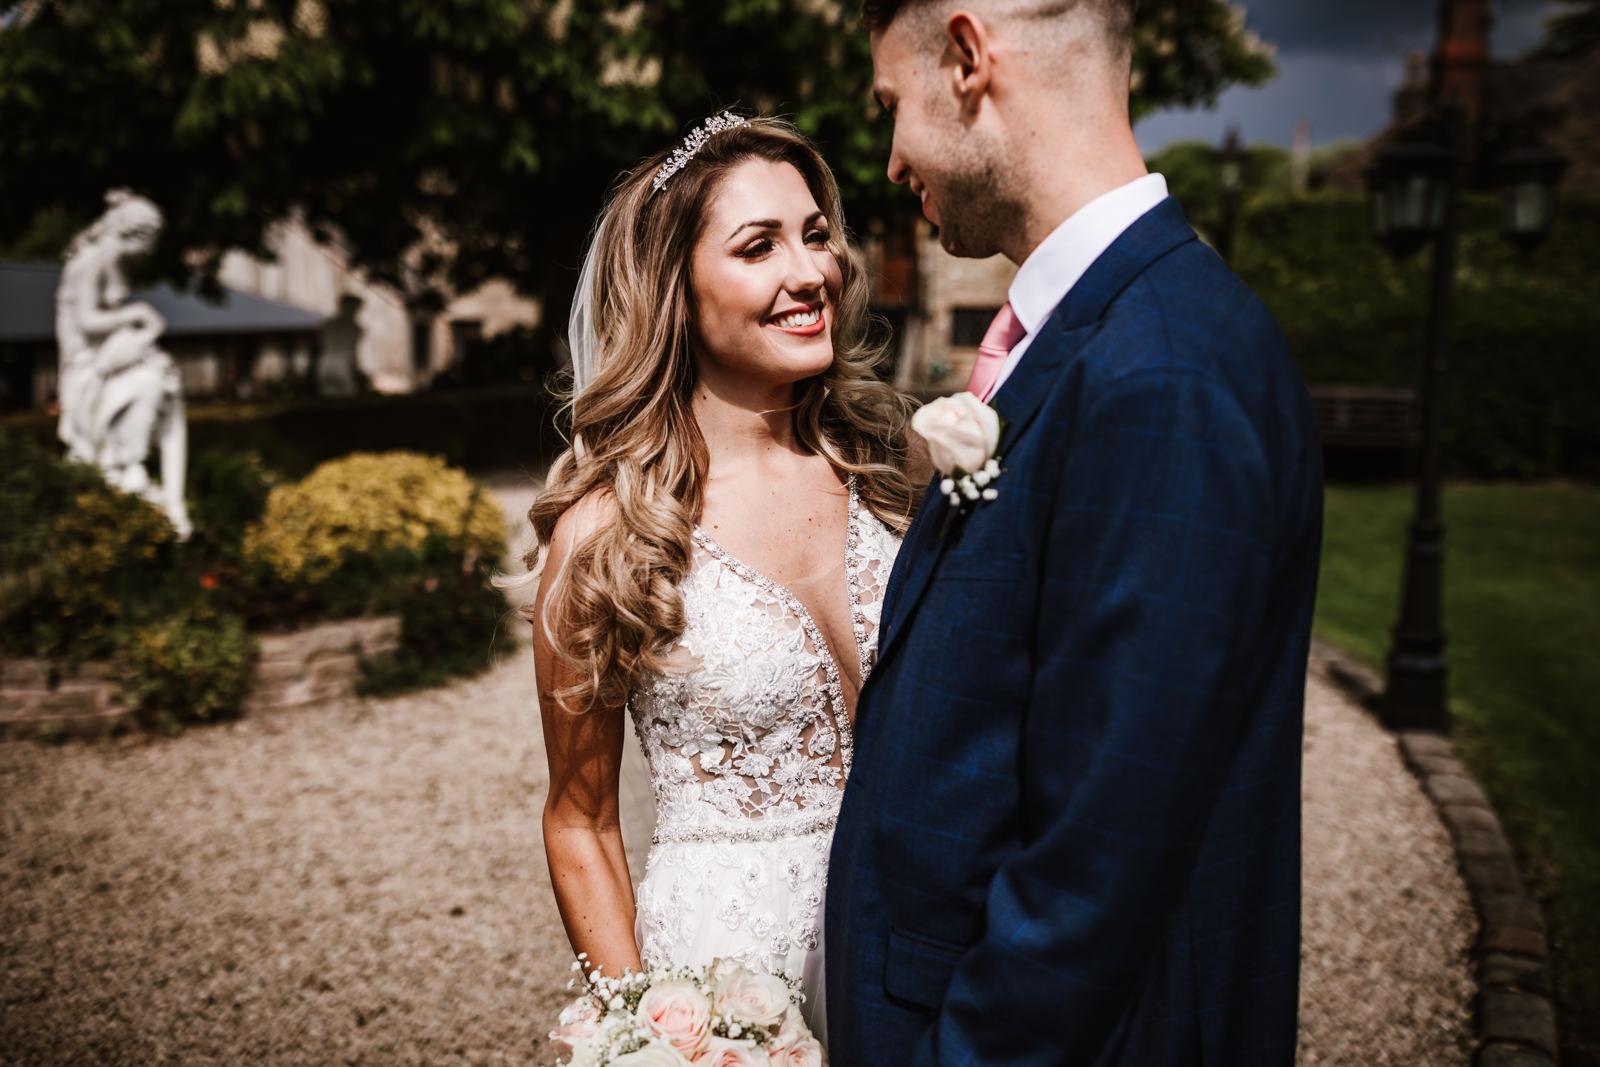 Happy bride sming at her groom
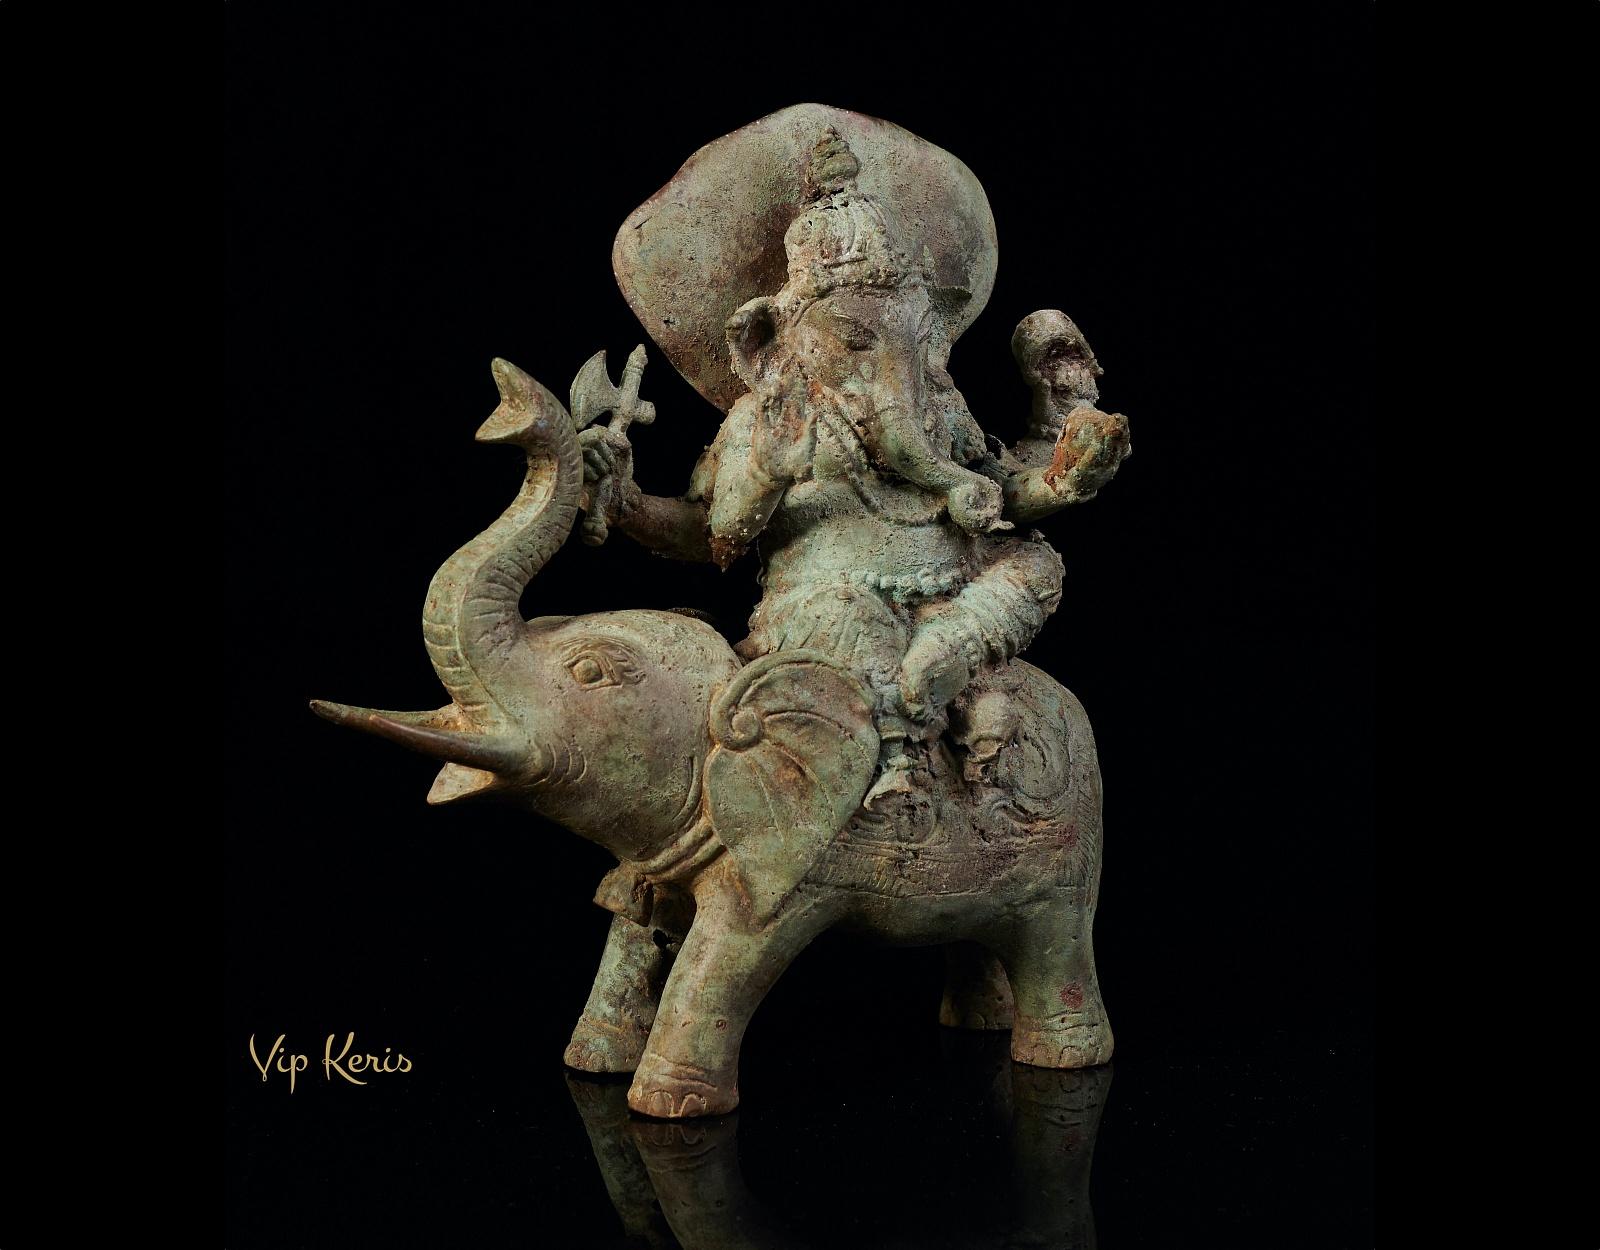 Антикварная статуя Ганеша верхом на слоне фото VipKeris
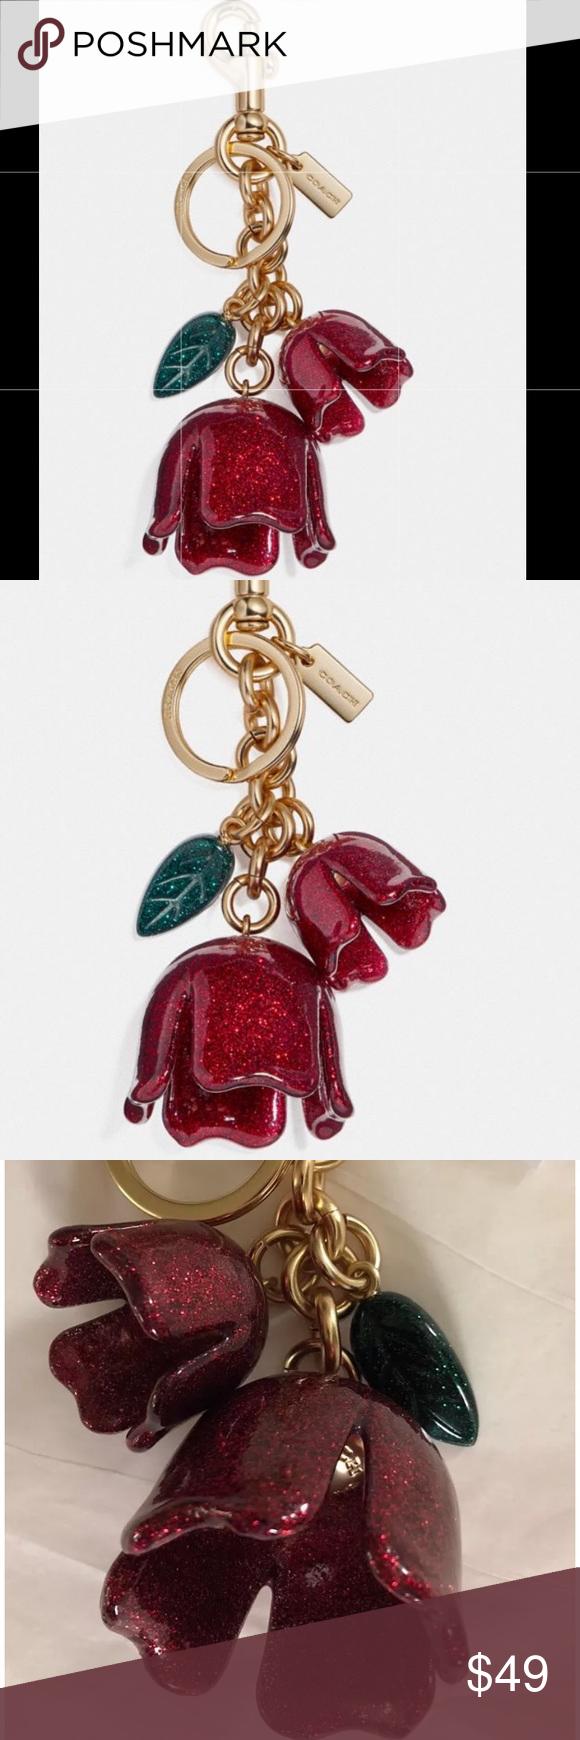 4d83463a Authentic COACH glitter tea rose bag charm-Red.🌹 NWT | My Posh ...
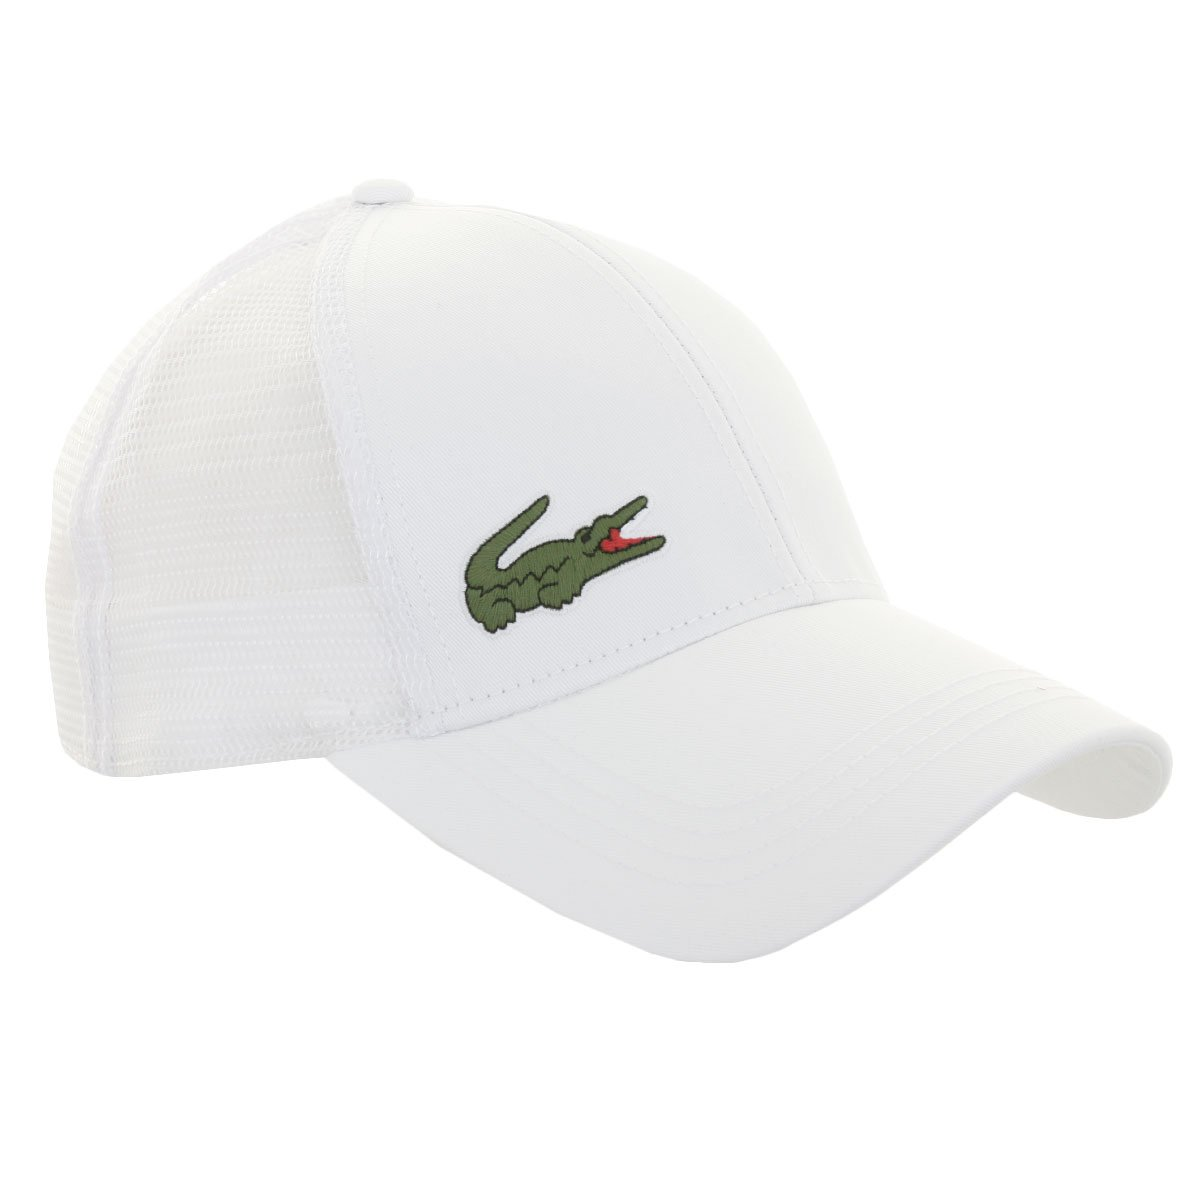 Lacoste Rk2321 Gorra de béisbol, Blanco (Blanc), Talla única ...

^^^^^^^^^^^^^^^^

Print the material above exactly as it appears, but not its pictures.

### OUTPUT OF THE TASK
 Happy bride sming at her groom
 Антикварная статуя Ганеша верхом на слоне фото VipKeris
 4d83463a Authentic COACH glitter tea rose bag charm-Red.🌹 NWT | My Posh ...
 Lacoste Rk2321 Gorra de béisbol, Blanco (Blanc), Talla única ...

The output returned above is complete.